Groq Provider¶

The Groq provider offers ultra-fast inference on open-source models through GroqCloud.

Setup¶

1. Get API Key¶

Create account at console.groq.com
Navigate to API Keys
Click "Create API Key"
Copy the key (starts with gsk_...)

2. Configure¶

# In secrets.env or environment
GROQ_API_KEY=gsk-your-api-key-here

Usage¶

Basic Usage¶

from llm_client import LLMClient

# Explicit selection
client = LLMClient(api_choice="groq")

Available Models¶

Model	Description	Context Window	Speed
`llama-3.3-70b-versatile`	Llama 3.3 70B	128K	Very Fast
`meta-llama/llama-4-maverick-17b-128e-instruct`	Llama 4 17B	128K	Ultra Fast
`openai/gpt-oss-120b`	GPT OSS 120B	128K	Fast
`moonshotai/kimi-k2-instruct-0905`	KIMI K2 (default)	128K	Fast

Model Selection¶

# Use default model
client = LLMClient(api_choice="groq")

# Specify model
client = LLMClient(
    api_choice="groq",
    llm="llama-3.3-70b-versatile"
)

Features¶

Ultra-Fast Inference¶

import time

messages = [{"role": "user", "content": "Explain quantum computing"}]

start = time.time()
response = client.chat_completion(messages)
elapsed = time.time() - start

print(f"Response in {elapsed:.2f}s")
# Typical: 0.3-1.0 seconds

Streaming¶

messages = [{"role": "user", "content": "Count from 1 to 10"}]

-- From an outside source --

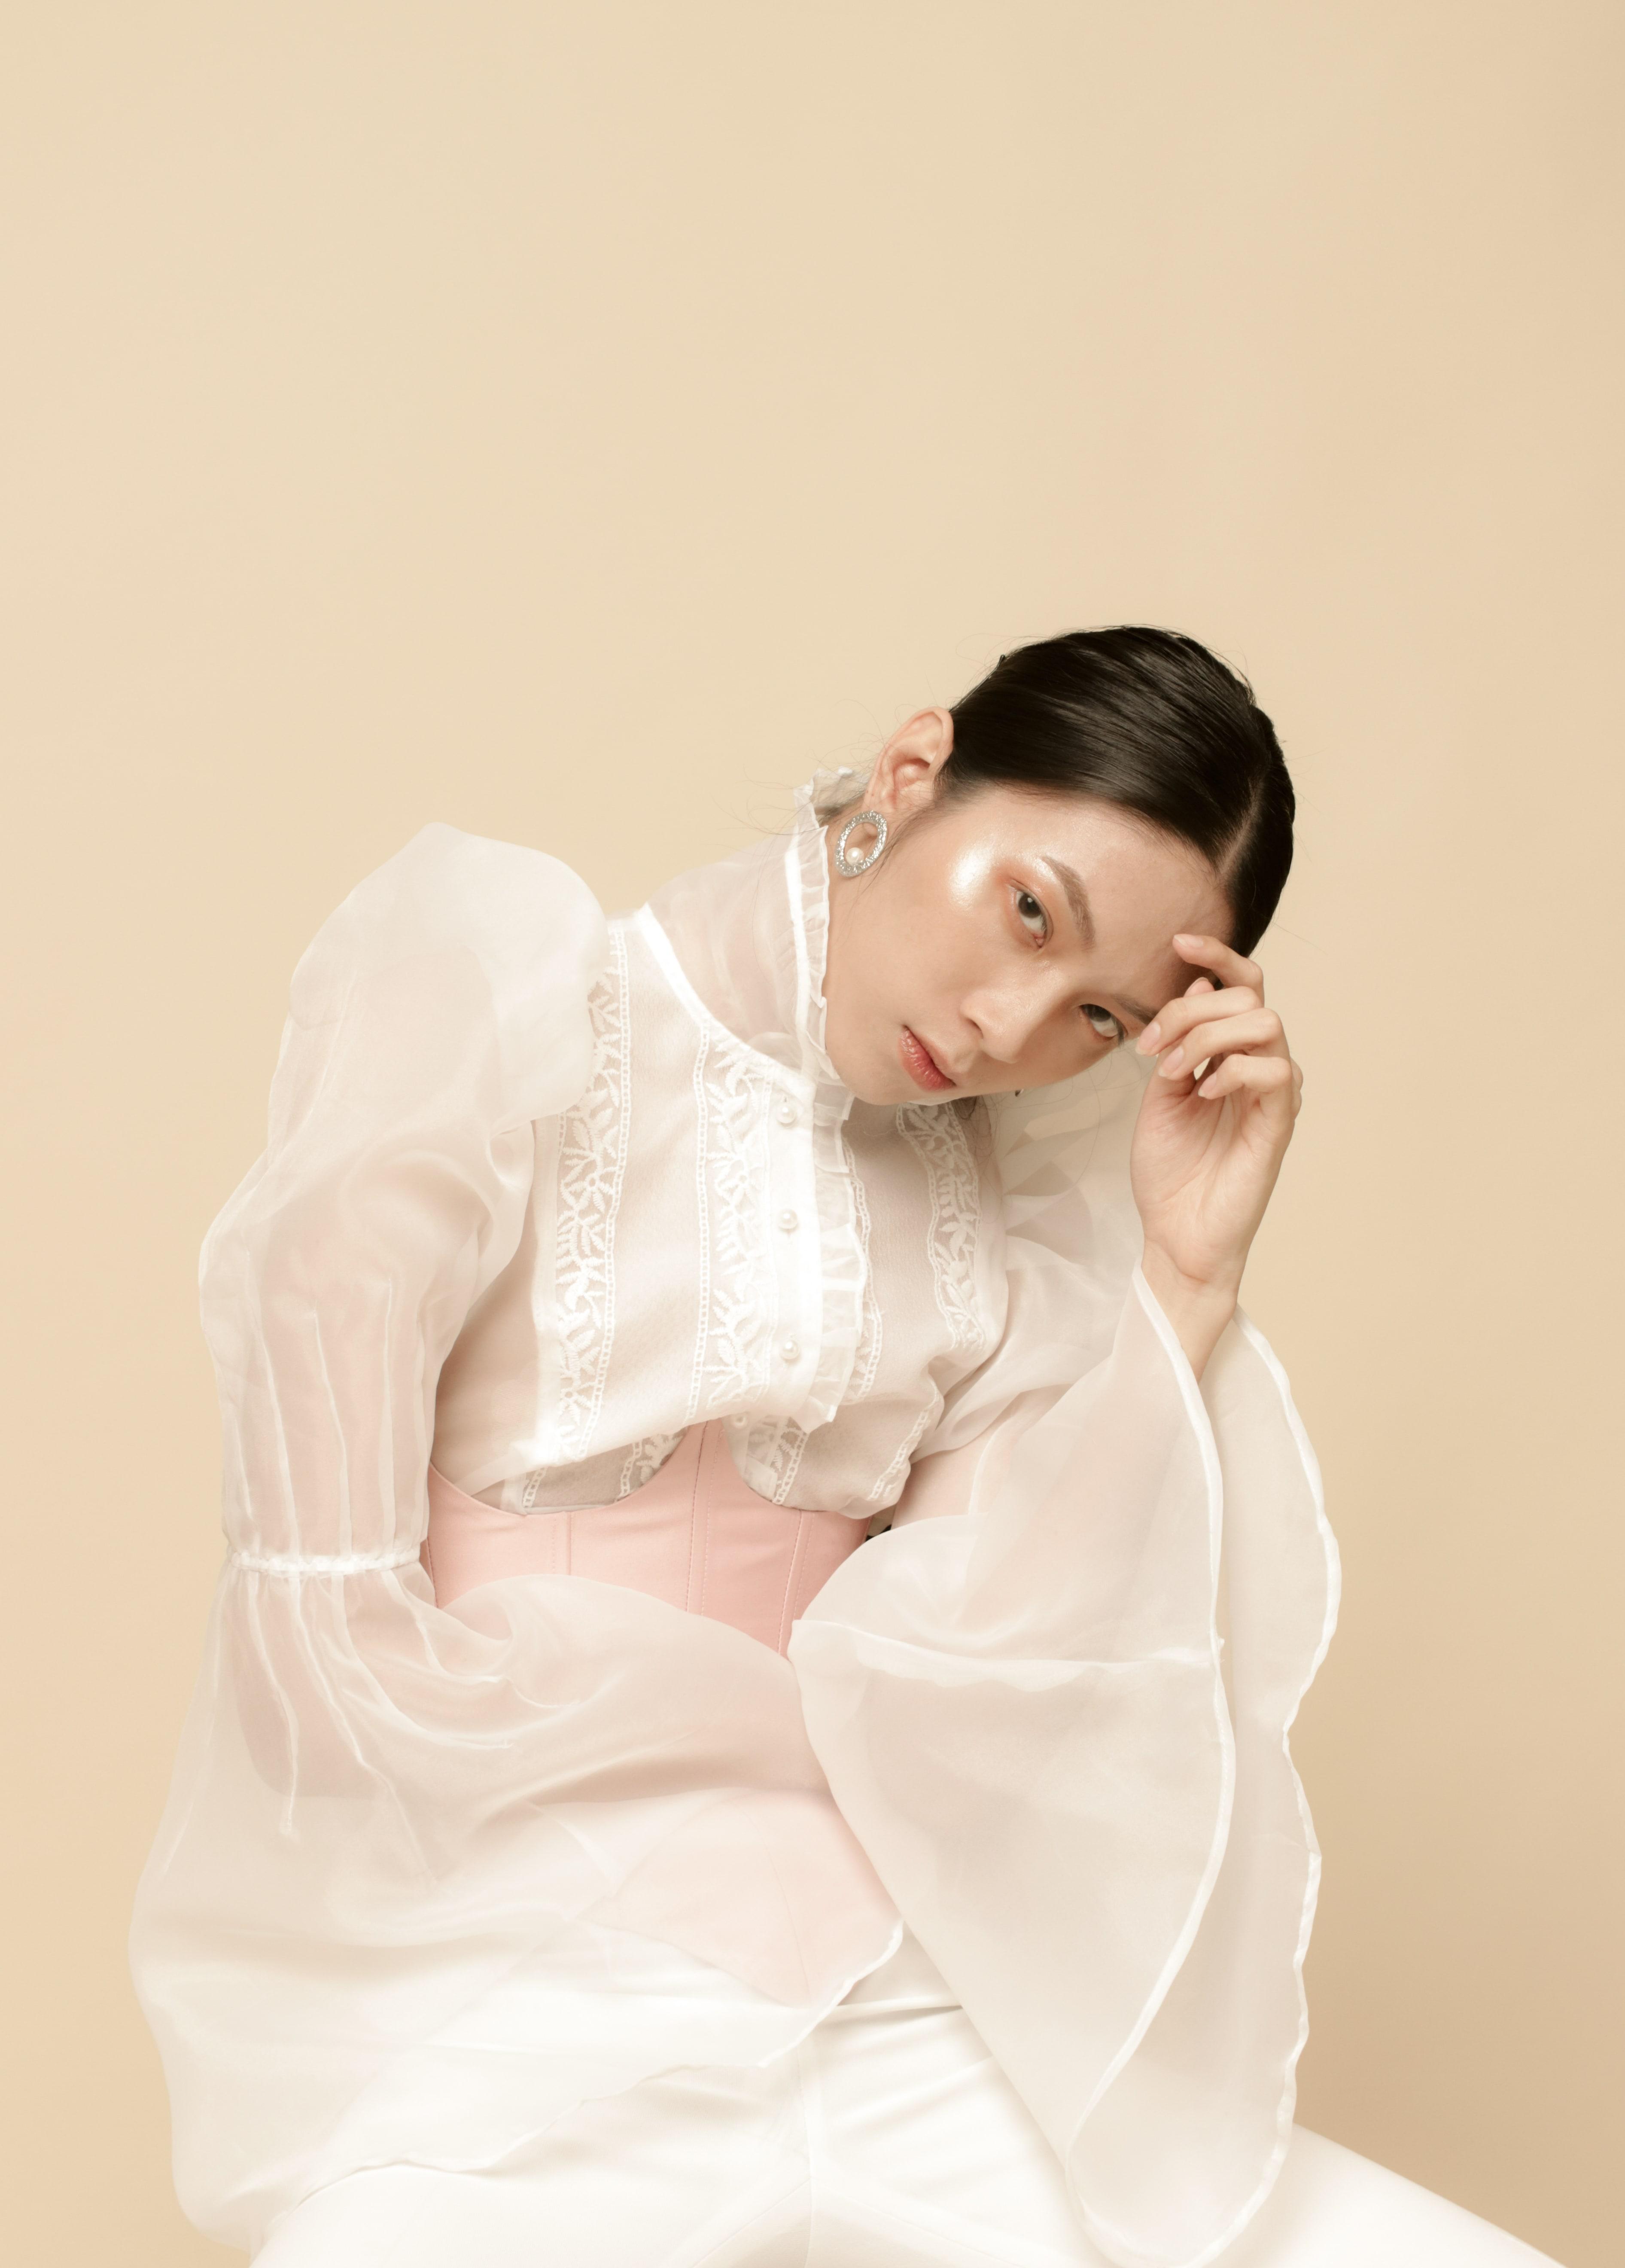 Vẻ đẹp của nữ sinh Việt ngành Thiết kế được cư dân mạng Trung Quốc hết lời khen xinh - 8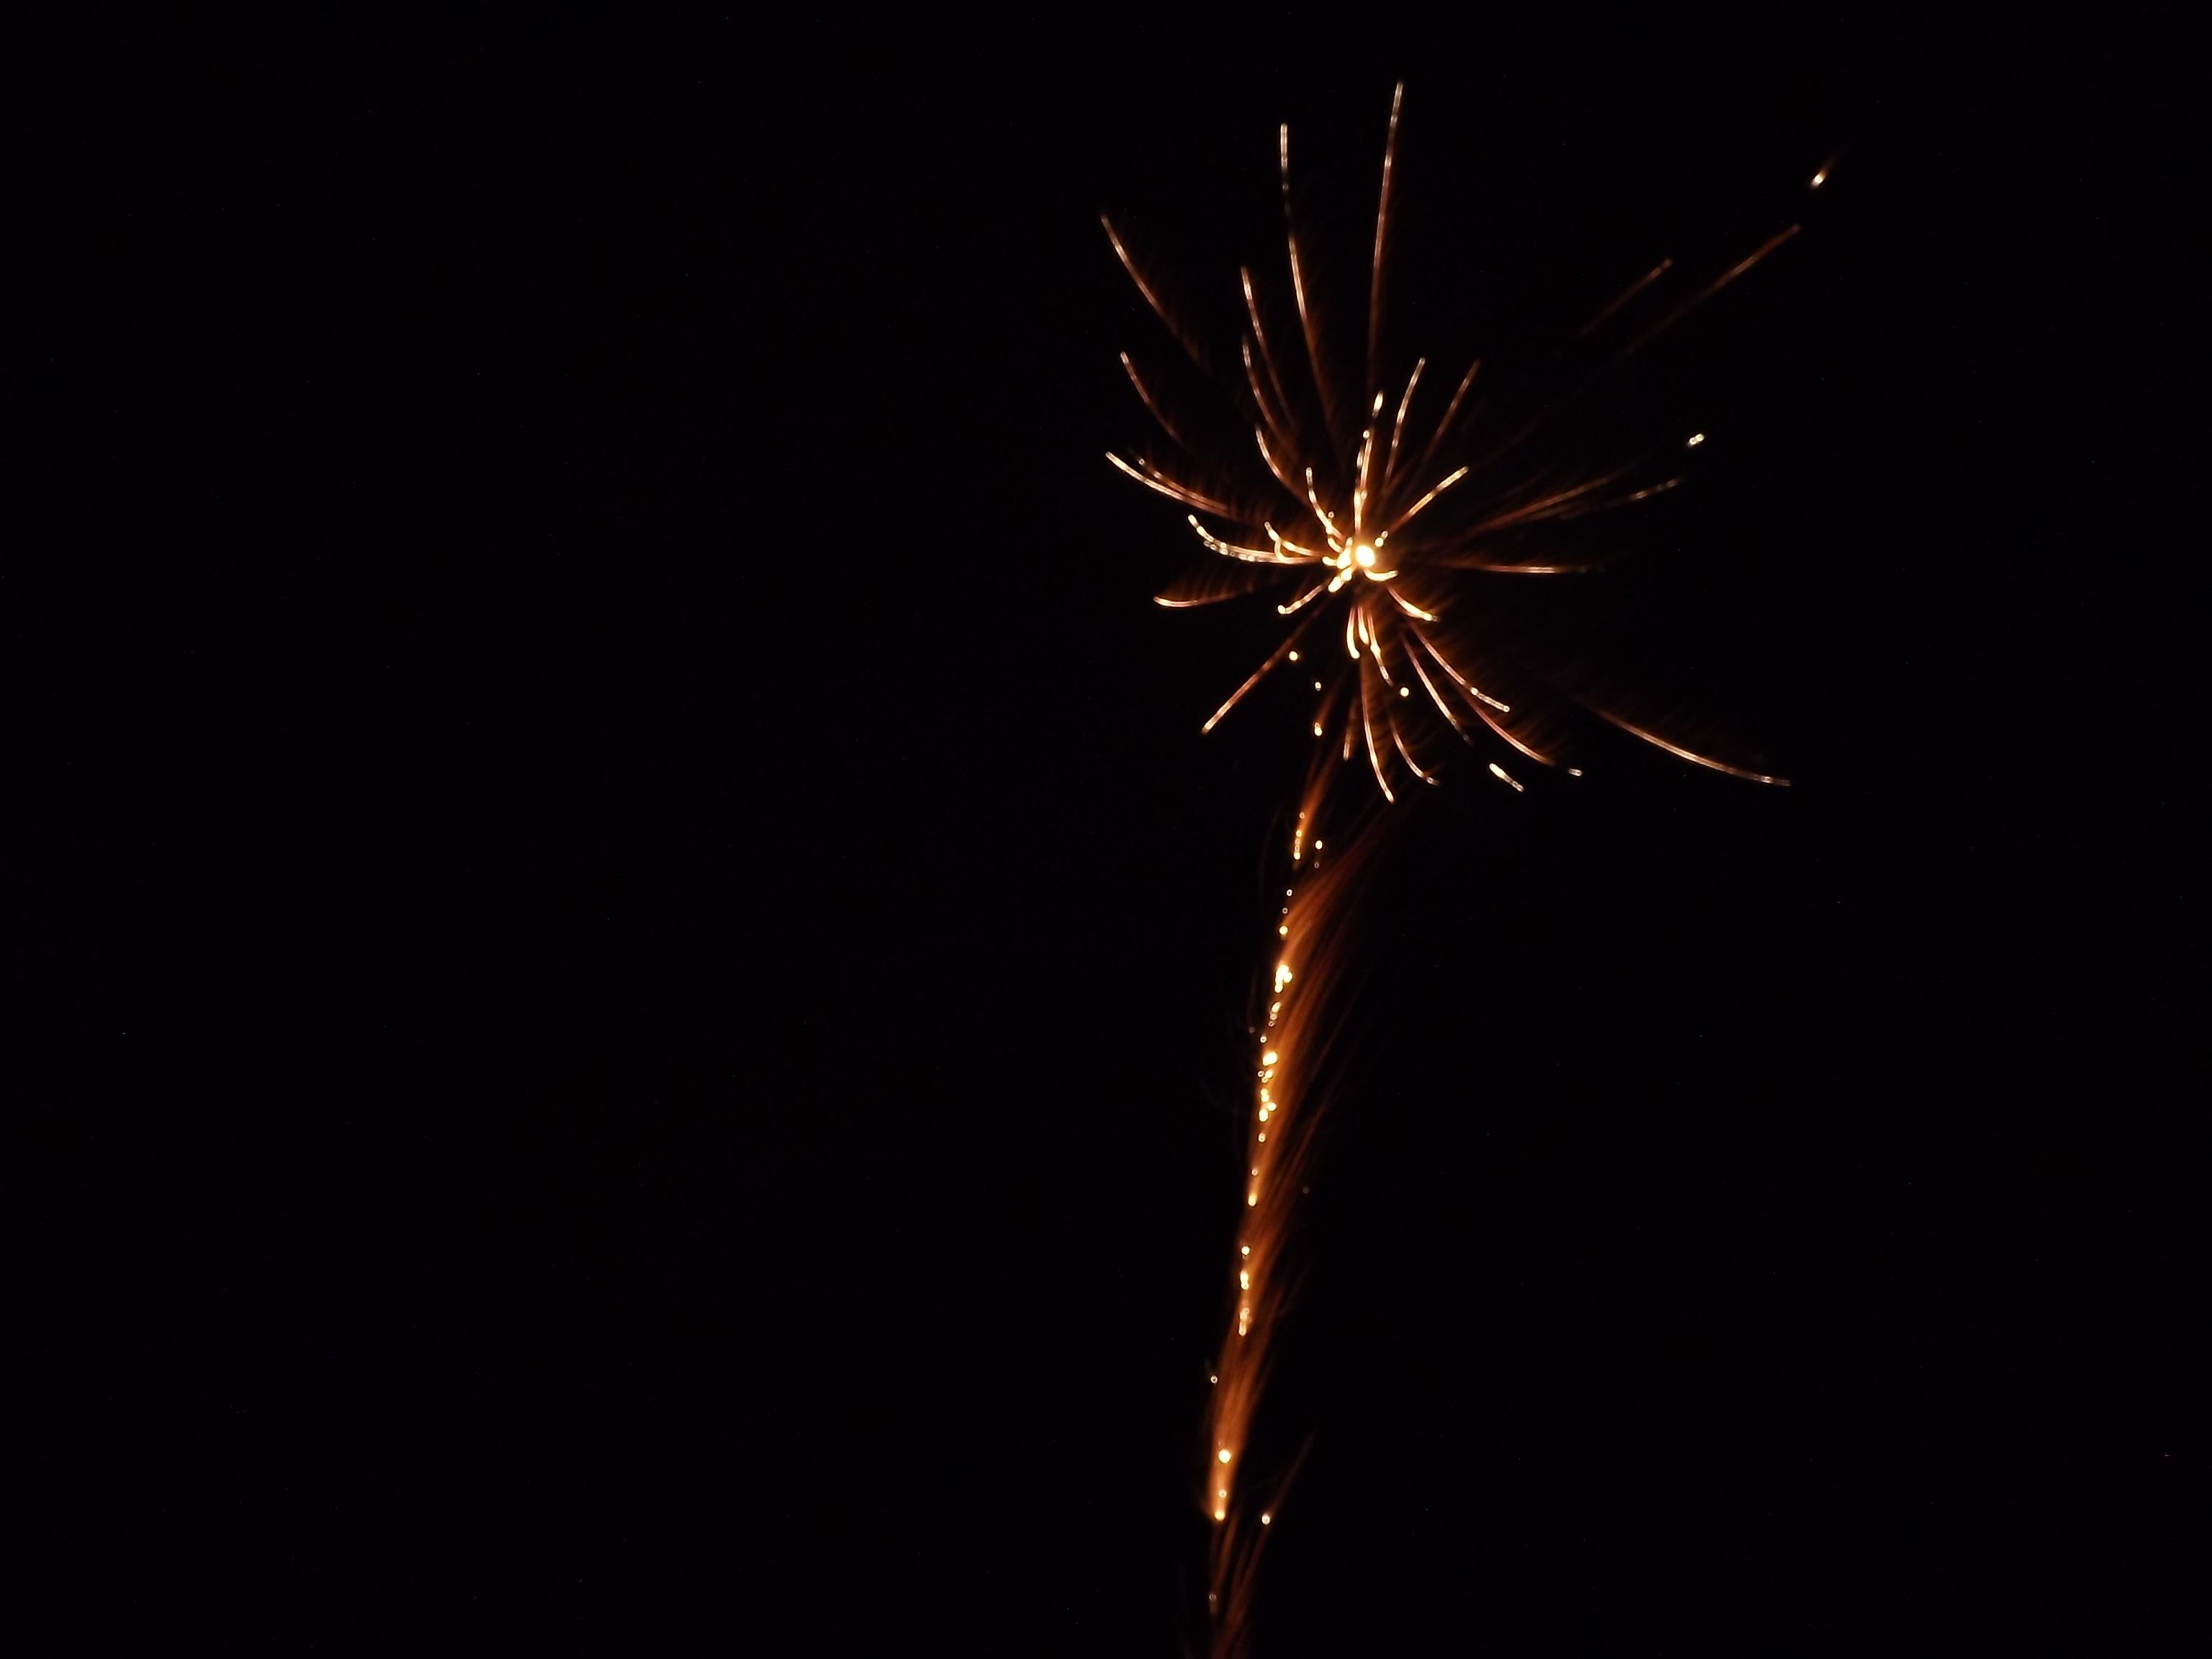 6780-feuerwerk-silvester-neujahr-explosion

for chunk in client.chat_completion_stream(messages):
    print(chunk, end="", flush=True)
print()

Function Calling¶

tools = [{
    "type": "function",
    "function": {
        "name": "search_web",
        "description": "Search the web",
        "parameters": {
            "type": "object",
            "properties": {
                "query": {"type": "string"}
            }
        }
    }
}]

result = client.chat_completion_with_tools(messages, tools)

Configuration¶

Via Config File¶

# llm_config.yaml
providers:
  groq:
    model: llama-3.3-70b-versatile
    temperature: 0.5
    max_tokens: 1024

Runtime Parameters¶

client = LLMClient(
    api_choice="groq",
    llm="llama-3.3-70b-versatile",
    temperature=0.5,
    max_tokens=1024
)

Best Practices¶

1. Leverage Speed¶

# Groq is ideal for high-throughput applications
client = LLMClient(api_choice="groq")

queries = ["Question 1", "Question 2", "Question 3"]

for query in queries:
    response = client.chat_completion([
        {"role": "user", "content": query}
    ])
    print(f"Q: {query}\nA: {response}\n")

2. Cost-Effective for Volume¶

# Use Groq for cost-sensitive applications
client = LLMClient(
    api_choice="groq",
    llm="llama-3.3-70b-versatile"
)

# Process large batches efficiently
for item in large_dataset:
    response = client.chat_completion(
        [{"role": "user", "content": item}]
    )

3. Fallback Strategy¶

from llm_client.exceptions import ChatCompletionError

# Try Groq first (fast, cheap), fallback to OpenAI if needed
client = LLMClient(api_choice="groq")

try:
    response = client.chat_completion(messages)
except ChatCompletionError:
    # Fallback to OpenAI
    client.switch_provider("openai")
    response = client.chat_completion(messages)

Async Support¶

import asyncio

async def process_queries():
    client = LLMClient(api_choice="groq", use_async=True)

    queries = ["Q1", "Q2", "Q3"]

    tasks = [
        client.achat_completion([{"role": "user", "content": q}])
        for q in queries
    ]

    responses = await asyncio.gather(*tasks)
    return responses

# Process multiple queries concurrently
results = asyncio.run(process_queries())

Pricing¶

Groq offers very competitive pricing for open-source models. Check groq.com/pricing for current rates.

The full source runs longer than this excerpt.